Start of Source records
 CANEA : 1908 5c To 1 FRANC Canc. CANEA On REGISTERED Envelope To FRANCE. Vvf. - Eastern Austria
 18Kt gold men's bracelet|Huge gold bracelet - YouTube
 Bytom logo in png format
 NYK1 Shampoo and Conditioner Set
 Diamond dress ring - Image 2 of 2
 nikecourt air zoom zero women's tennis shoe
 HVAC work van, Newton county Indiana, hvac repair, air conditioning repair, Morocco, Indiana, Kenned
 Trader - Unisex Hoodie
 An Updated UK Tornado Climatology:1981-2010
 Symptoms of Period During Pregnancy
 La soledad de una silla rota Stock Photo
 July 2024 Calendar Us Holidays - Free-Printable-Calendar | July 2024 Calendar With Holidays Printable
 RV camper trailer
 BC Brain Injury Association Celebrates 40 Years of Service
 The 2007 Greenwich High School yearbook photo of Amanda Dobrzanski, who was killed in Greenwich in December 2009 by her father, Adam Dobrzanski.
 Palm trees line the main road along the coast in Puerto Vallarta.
End of Source records
> _Prompt_
Write out, exactly as given, the line containing "An Updated UK Tornado Climatology:1981-2010" and every line after it to the end of the records. Include nothing else.

> _Written solution_
 An Updated UK Tornado Climatology:1981-2010
 Symptoms of Period During Pregnancy
 La soledad de una silla rota Stock Photo
 July 2024 Calendar Us Holidays - Free-Printable-Calendar | July 2024 Calendar With Holidays Printable
 RV camper trailer
 BC Brain Injury Association Celebrates 40 Years of Service
 The 2007 Greenwich High School yearbook photo of Amanda Dobrzanski, who was killed in Greenwich in December 2009 by her father, Adam Dobrzanski.
 Palm trees line the main road along the coast in Puerto Vallarta.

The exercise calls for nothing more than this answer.